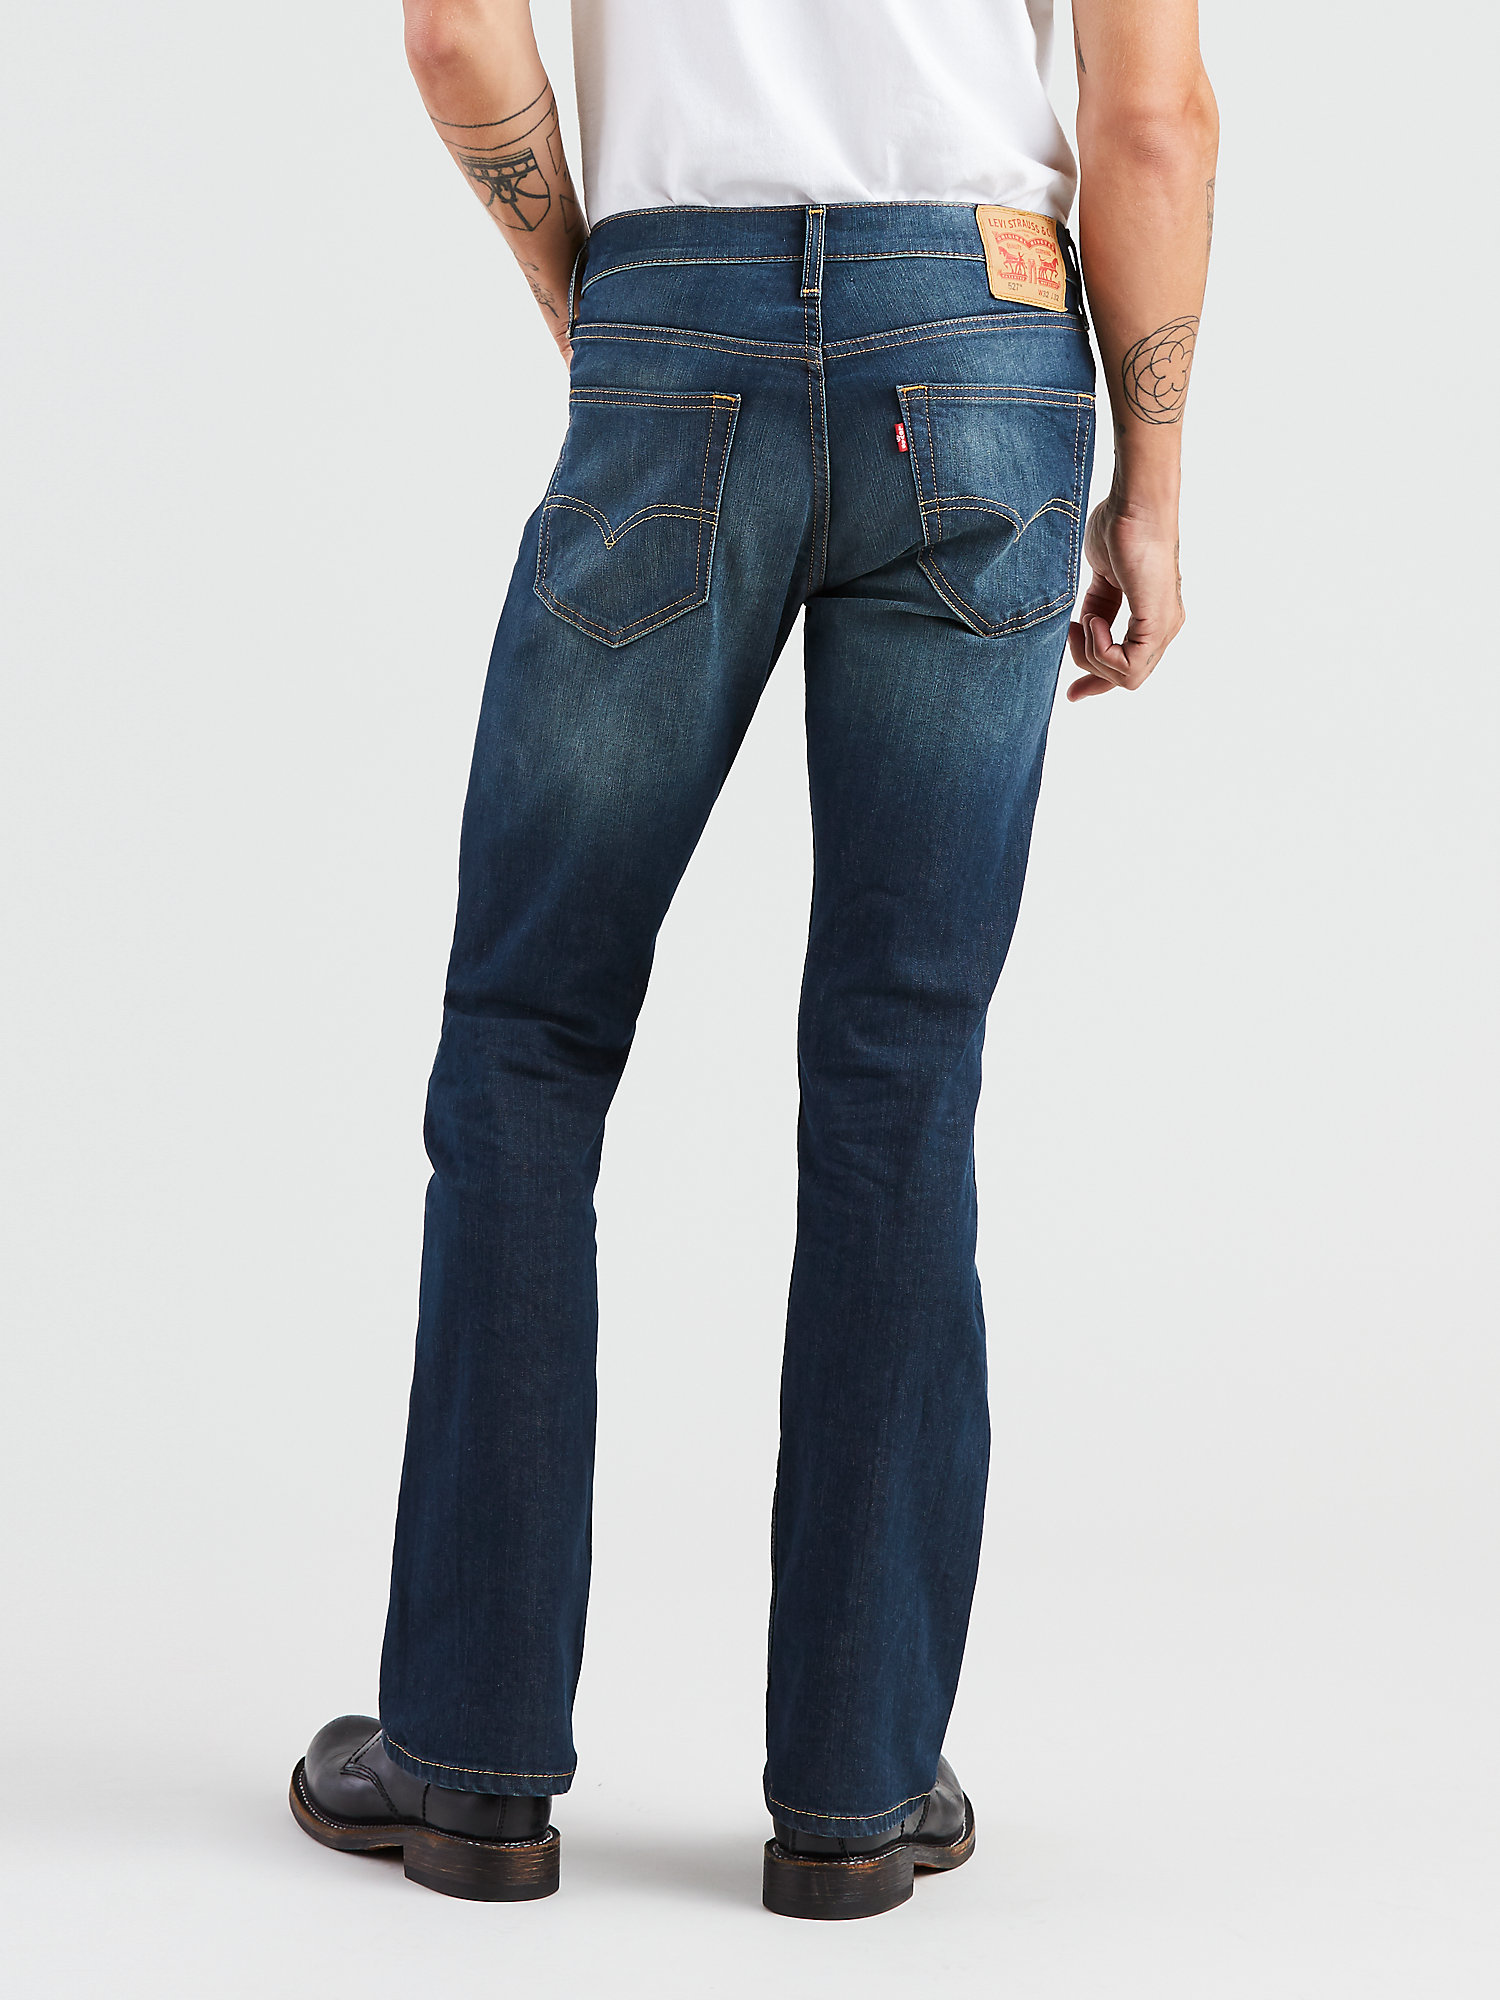 Levi's Men's 527 Slim Boot Cut Fit Jeans - image 5 of 7
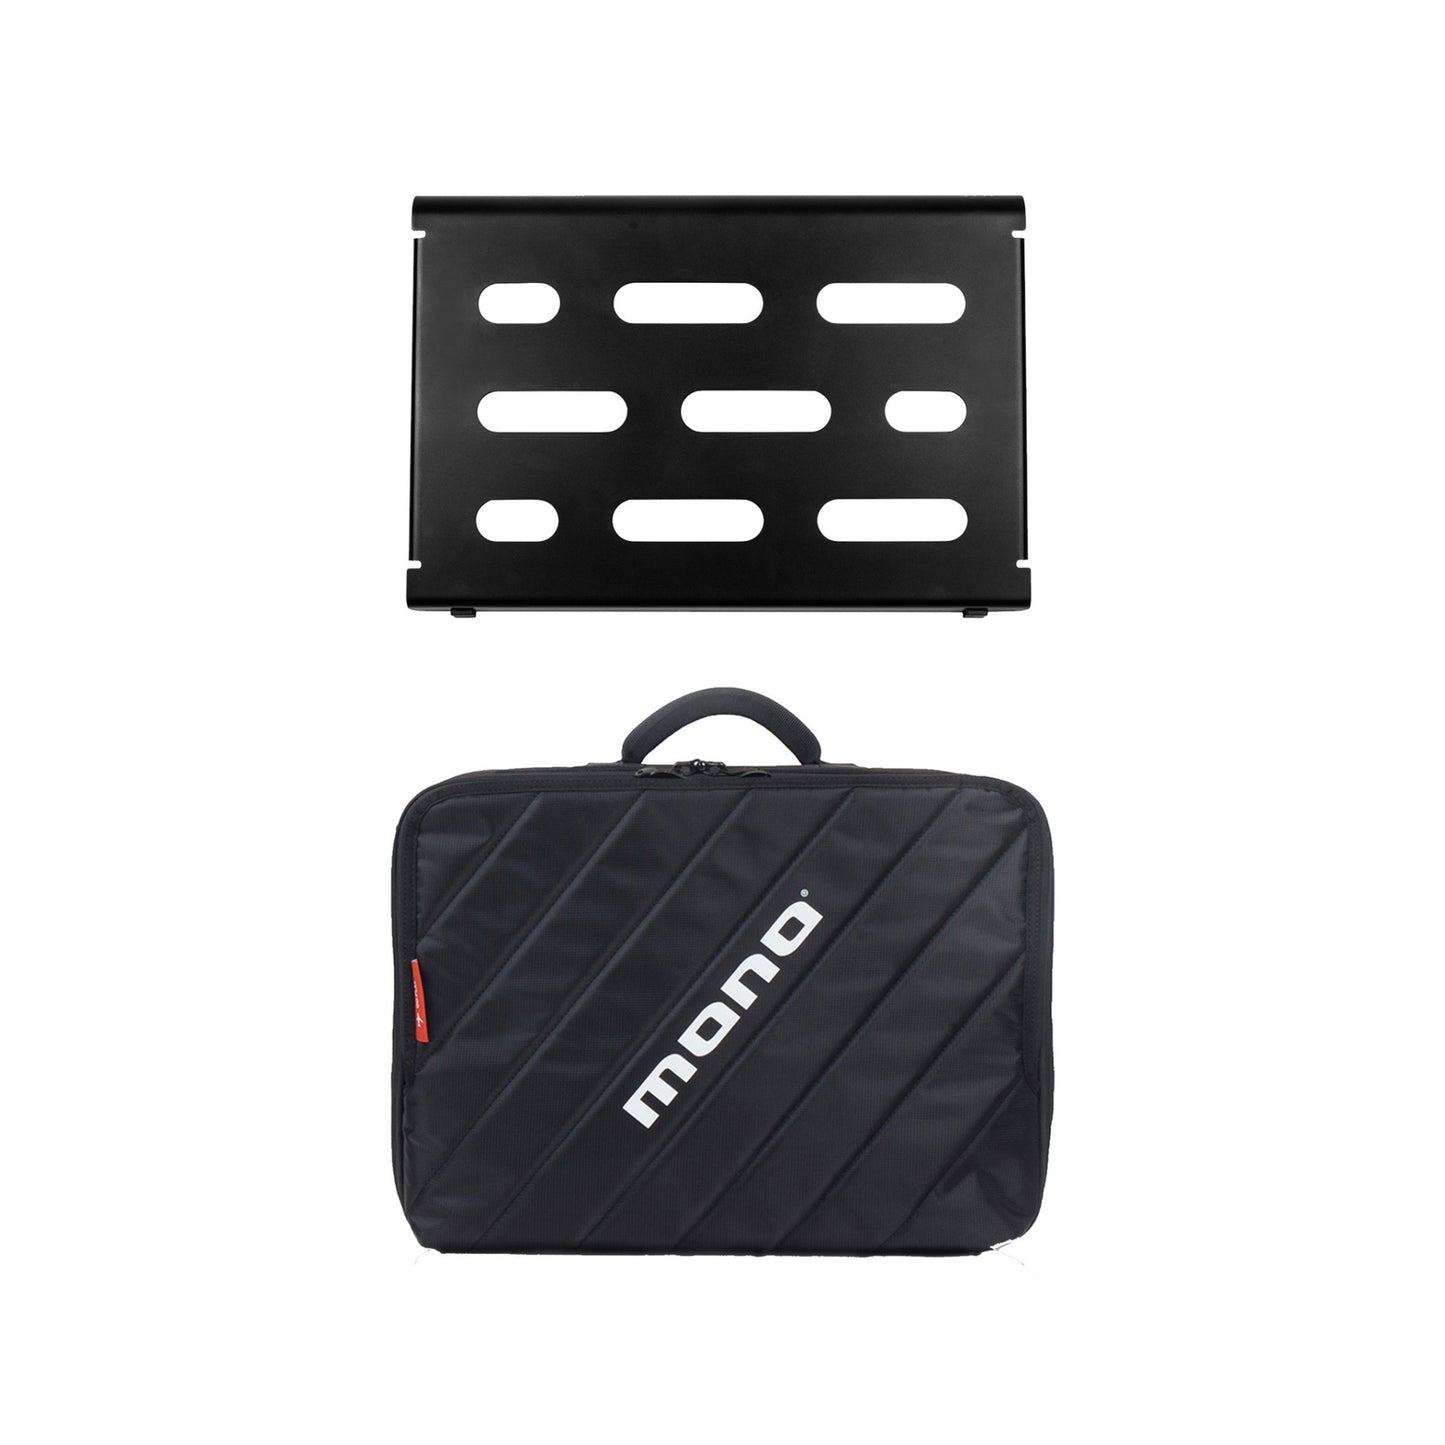 Mono Cases Pedalboard Small Black and Club Accessory Case 2.0 - Black
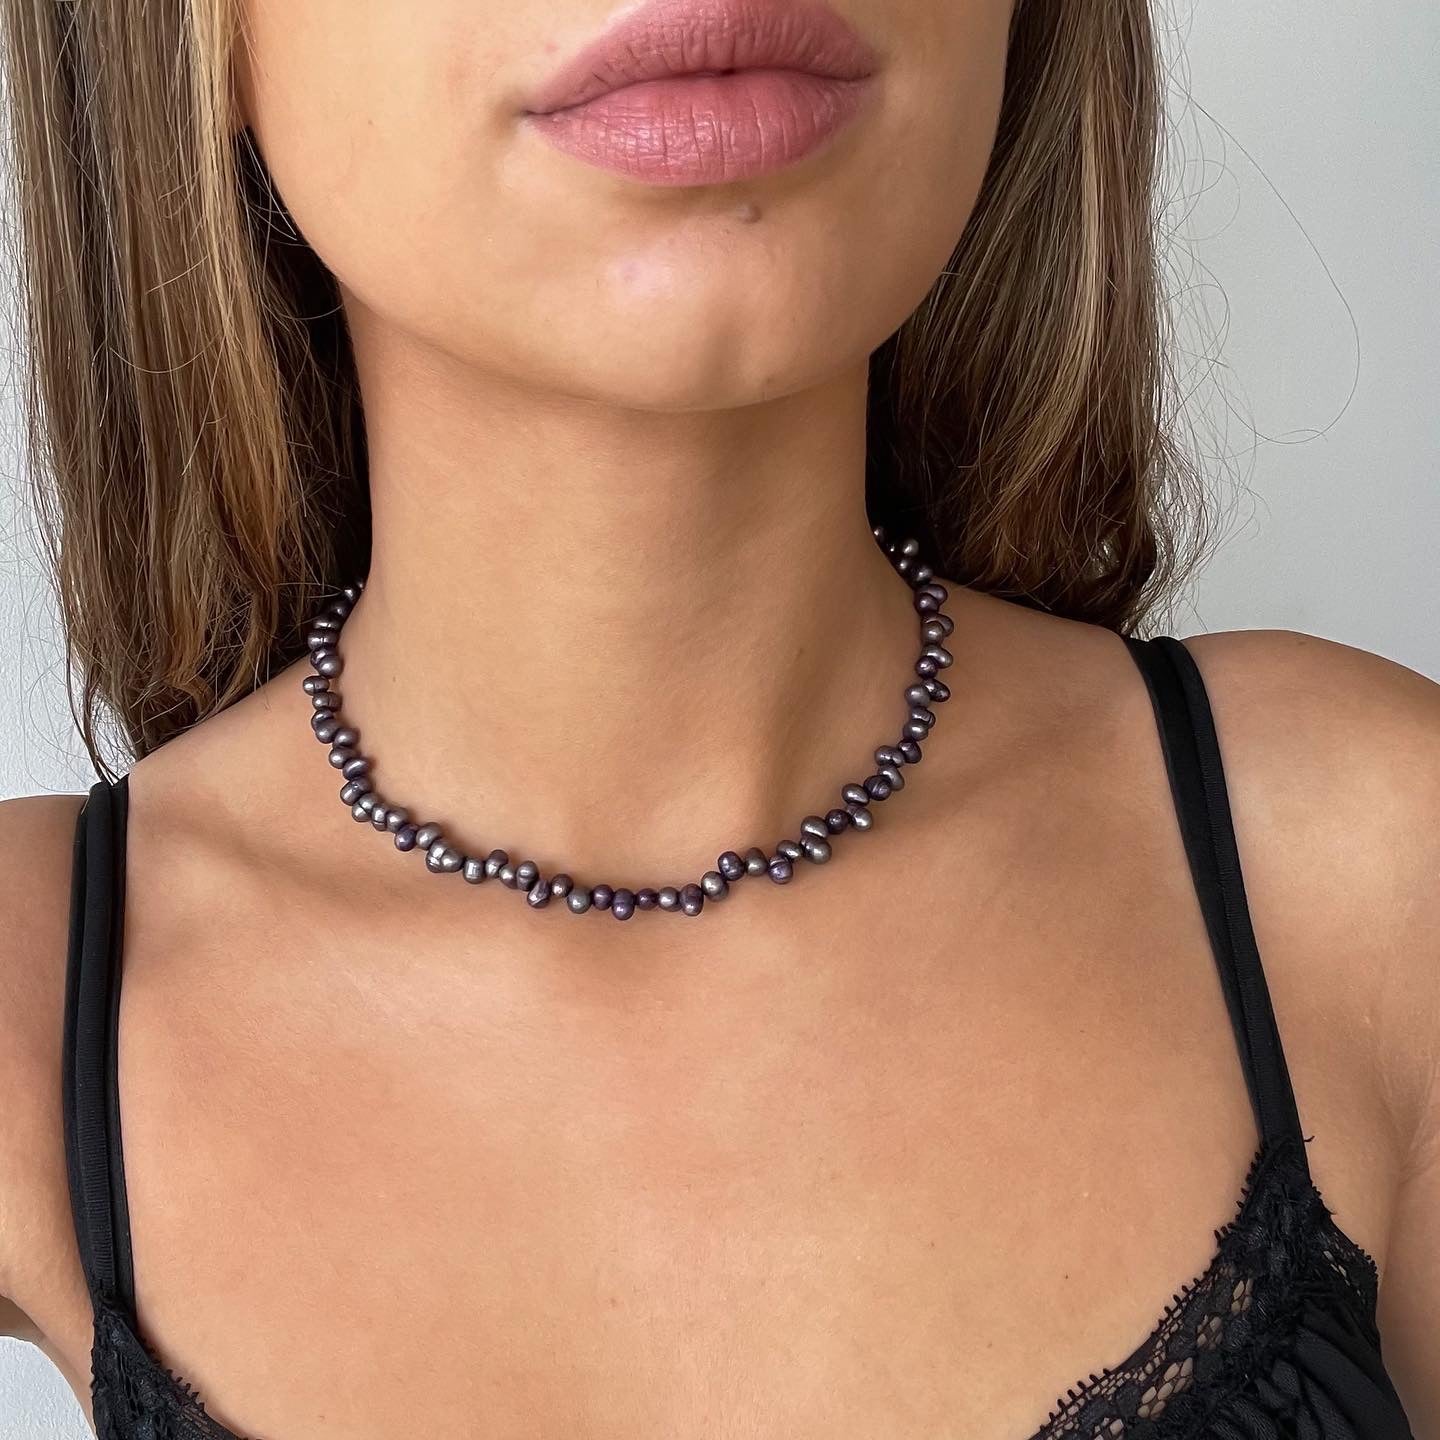 Morella necklace

═══

● Assignment
When you restate the listing, keep every word as it is and drop the pictures.

● Solution below
 Levi's Men's 527 Slim Boot Cut Fit Jeans - image 5 of 7
 Mono Cases Pedalboard Small Black and Club Accessory Case 2.0 - Black
 Morella necklace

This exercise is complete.